Task to carry out: Excluding all pictures, please output the listing exactly.

Recorded information:

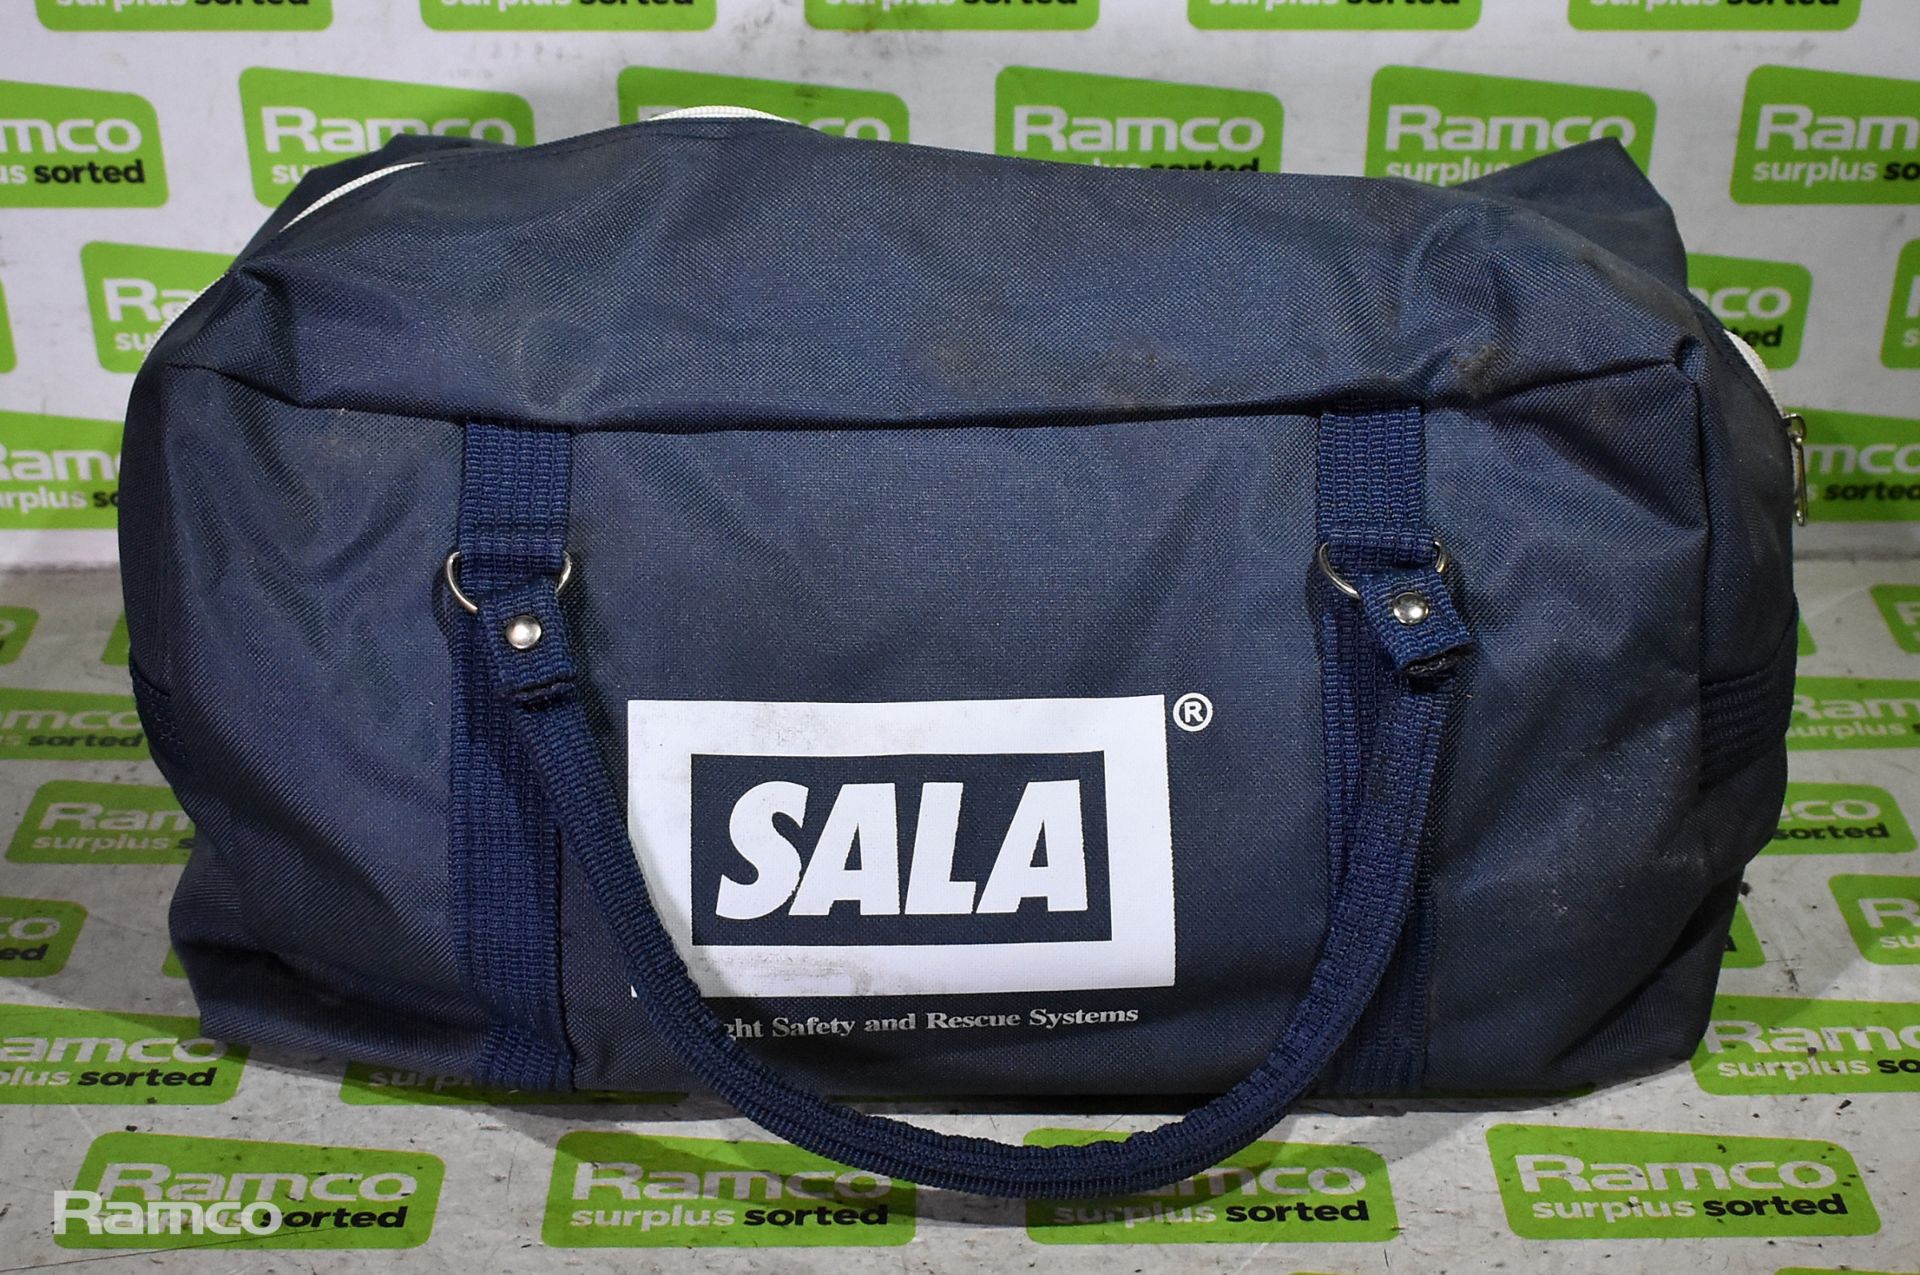 Sala harness kit - Sala 1112918 full body harness, 14mm x 5m polyamide rope - Image 5 of 5
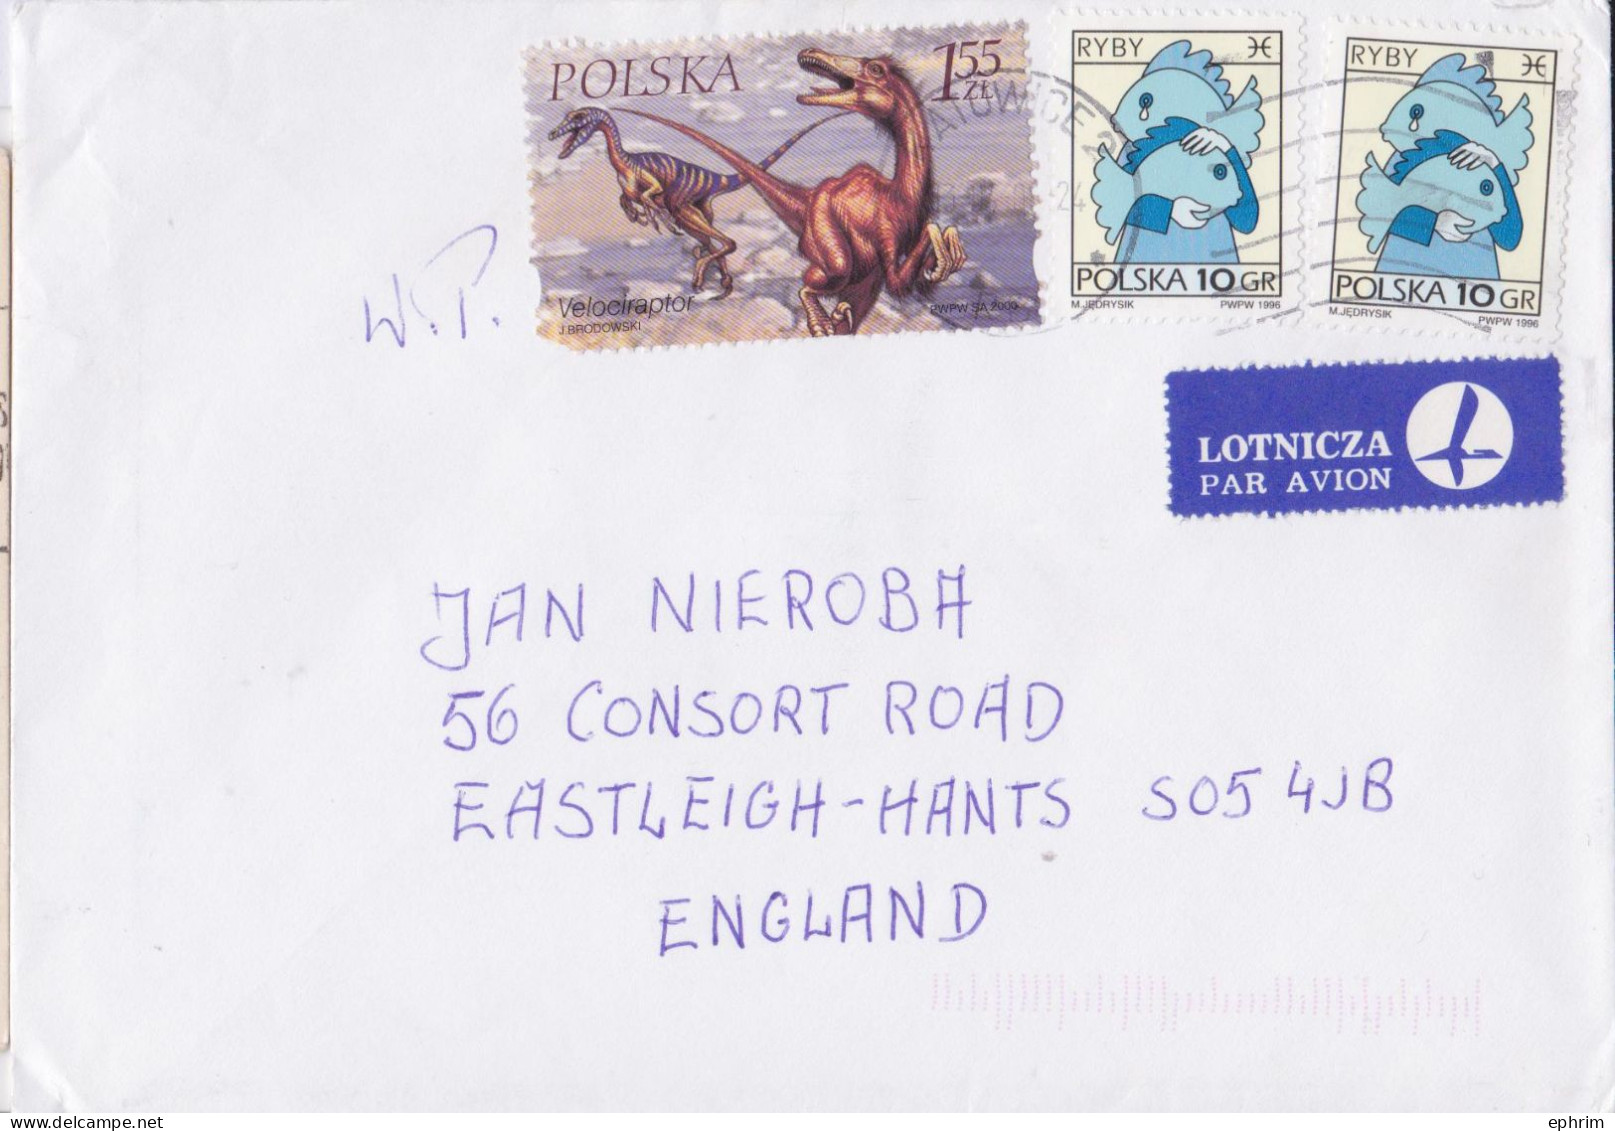 Pologne Poland Polska Katowice Lettre Timbre Dinosaure Velociraptor Dinosaur 2000 Stamp Air Mail Cover - Lettres & Documents
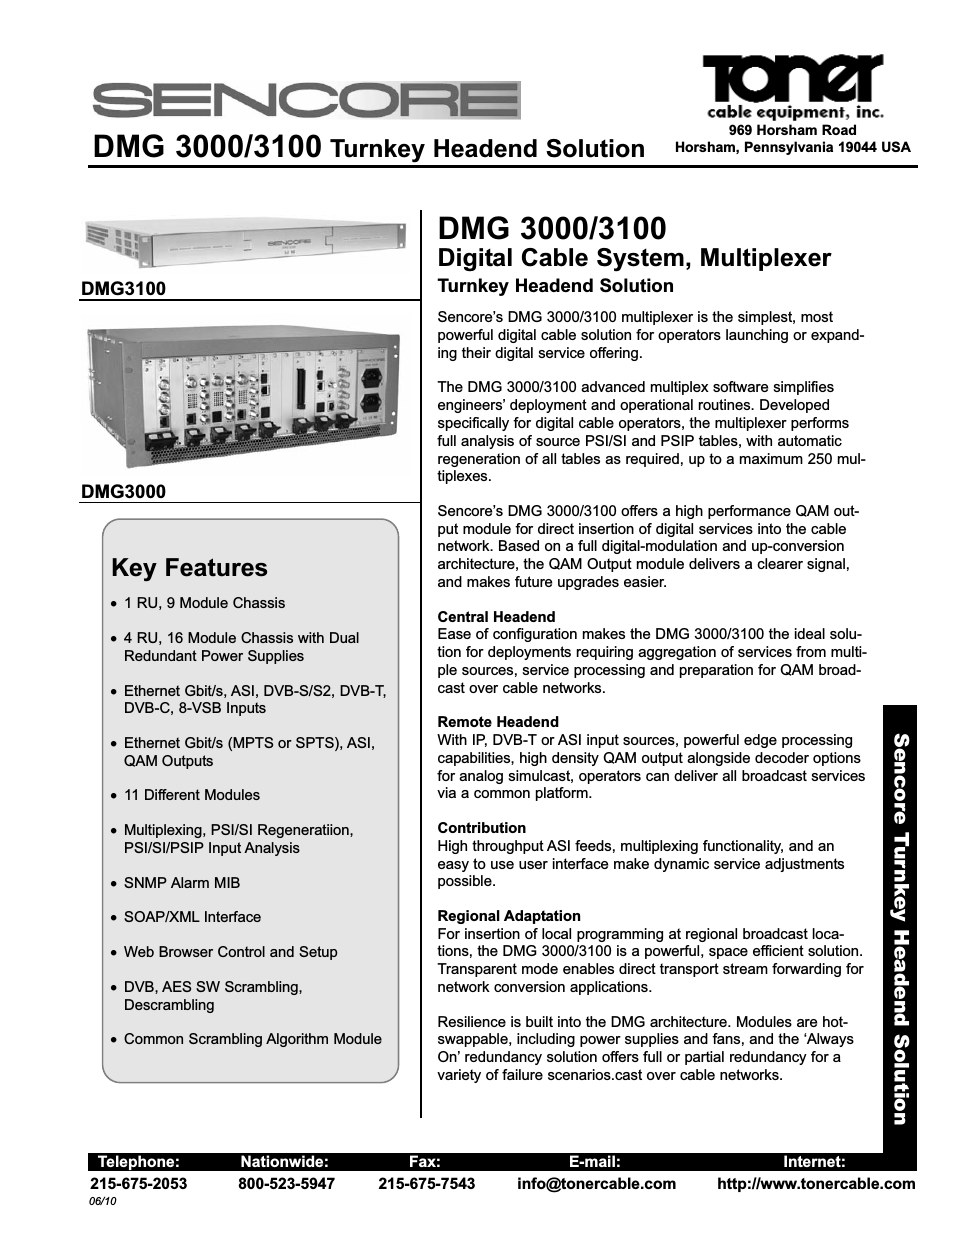 DMG 3000 _ 3100 Digital Cable System, Multiplexer

Response area:
 Sala harness kit - Sala 1112918 full body harness, 14mm x 5m polyamide rope - Image 5 of 5
 Pologne Poland Polska Katowice Lettre Timbre Dinosaure Velociraptor Dinosaur 2000 Stamp Air Mail Cover - Lettres & Documents
 DMG 3000 _ 3100 Digital Cable System, Multiplexer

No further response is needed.